Effective this January 1st, 2018, Maryland is the first state that has passed legislation to restrict sales of neonicotinoid pesticides to only certified applicators.  This mean homeowners will no longer have access to these pesticides, however farmers and commercial applicators will continue to have access.

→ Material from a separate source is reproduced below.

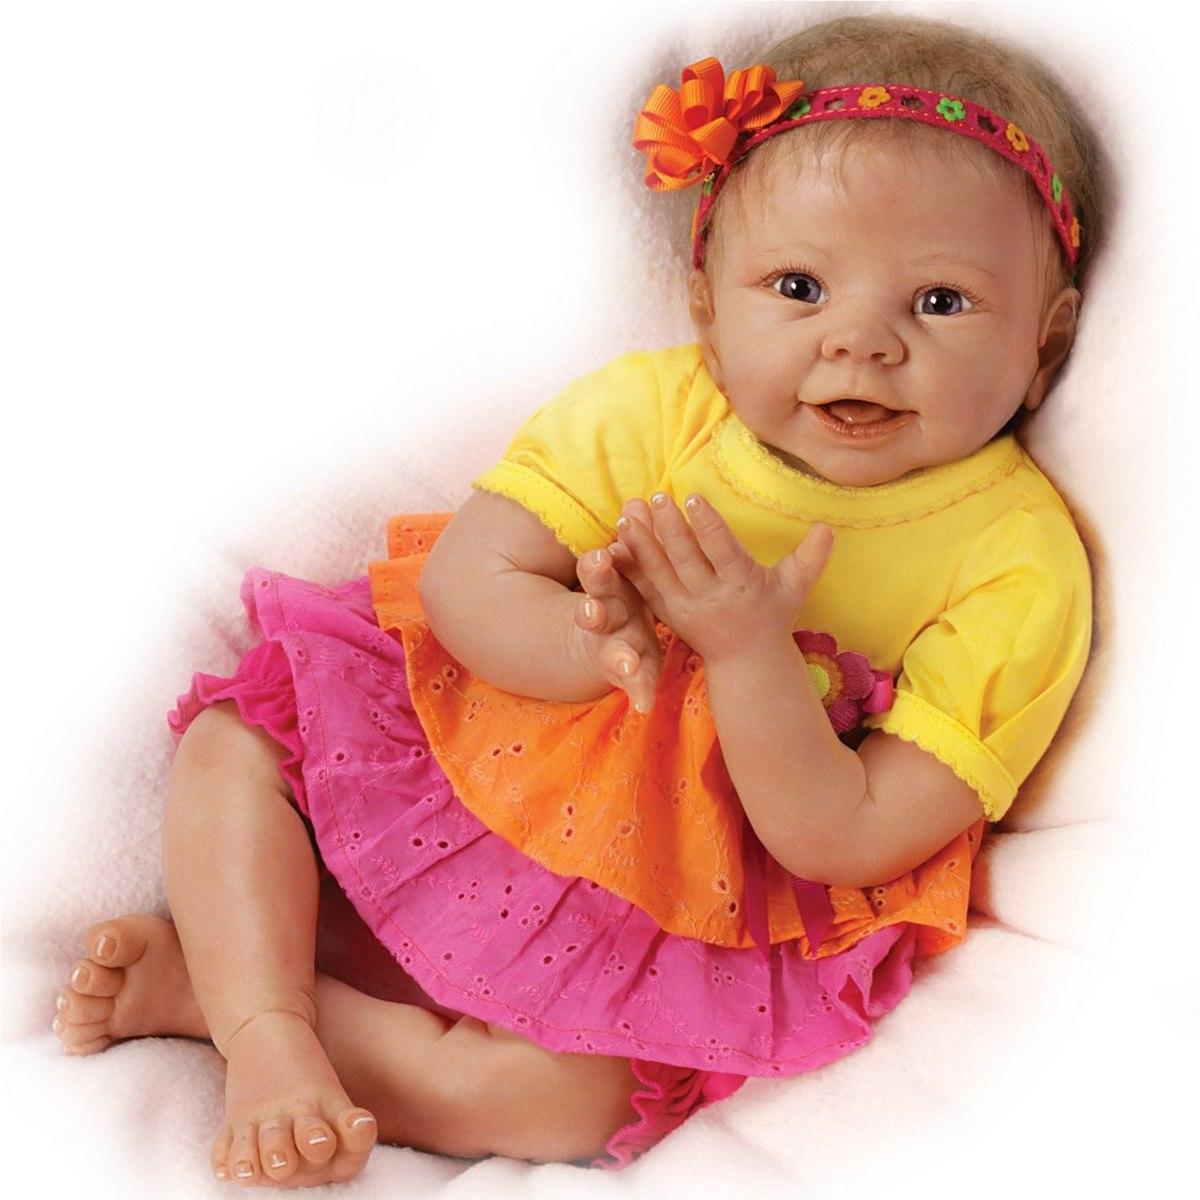 Nueva Bebe Reborn Interactiva Se Rie Sobrepedido 18

Meanwhile, in Vermont, Representative Amy Sheldon of Middlebury, VT, introduced H.688 to likewise restrict the sale and application of neonicotinoid pesticides to Class A licensed applicators, similar to Maryland's.  
http://mgaleg.maryland.gov/2016RS/chapters_noln/Ch_661_sb0198E.pdf

This is a step in the right direction and one of the recommendation we put forth in the Vermont Pollinator Protection Committee.  

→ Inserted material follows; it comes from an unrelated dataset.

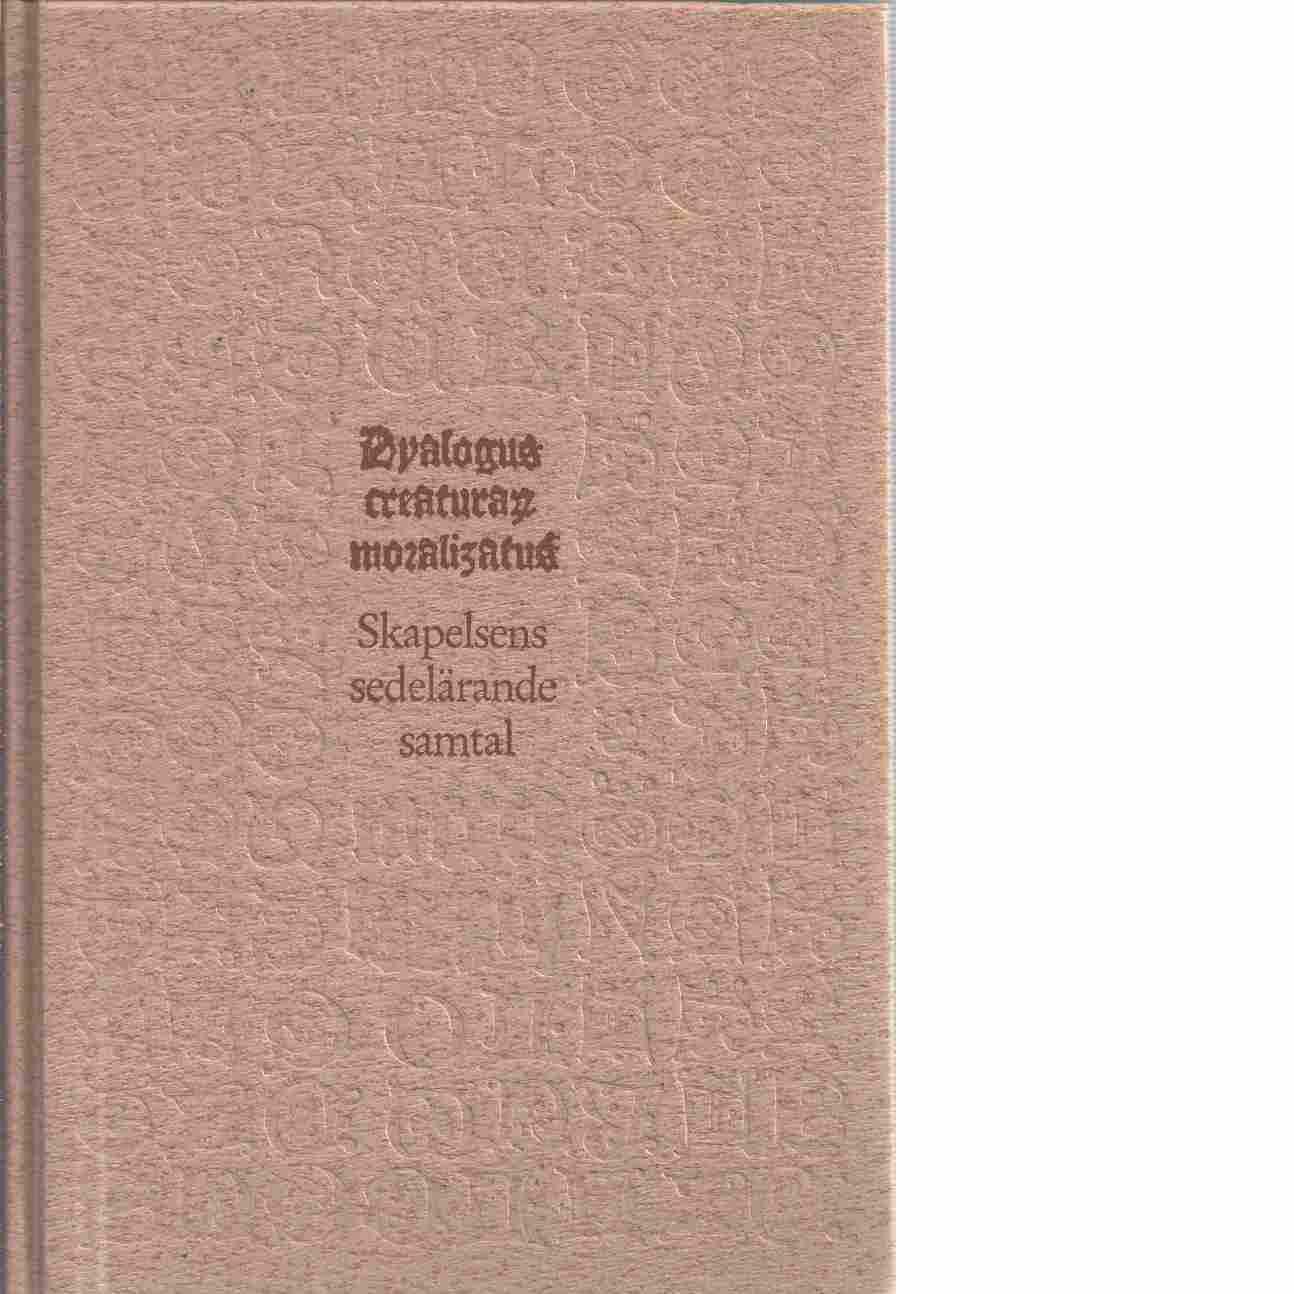 Dyalogus creaturarum moralizatus 1483 : Skapelsens sedelärande samtal 1483 - Red. Bernström, John

For those of you not familiar, neonicotinoids are a relatively new class of pesticides, introduced in the 90's and early 2000's, and helped reduce the reliance on organophosphate pesticides that are particularly toxic to mammals.  Neonicotinoids swept the country with their efficacy in targeting insect pests with supposedly much less toxicity to other creatures.  The scale of their use in this relatively short period is staggering.  Nearly all corn and most soybeans grown in US is seed-treated with neonicotinoids while much of the home-scale pesticide products are neonicotinoid based.

Much research has since shown the tremendous impacts on pollinators and the EPA is currently reviewing these products with a primary focus of the impact on honeybees (and some glances at native bees).

If you're interested in learning more, please consider a read of at least the Executive Summary of Xerces, How Neonicotinoids Kill Bees
http://www.xerces.org/wp-content/uploads/2016/10/HowNeonicsCanKillBees_XercesSociety_Nov2016.pdf.

If you want to make a difference, contact your representative to consider passing legislature similar to Maryland as a first step.  The next step would be to restrict the use of neonicotinoids for farmers and other certified applications only when there is evidence of need, rather than prophylactically.  Vermonter's, contact your representative to support Amy Shedon's H.688 bill.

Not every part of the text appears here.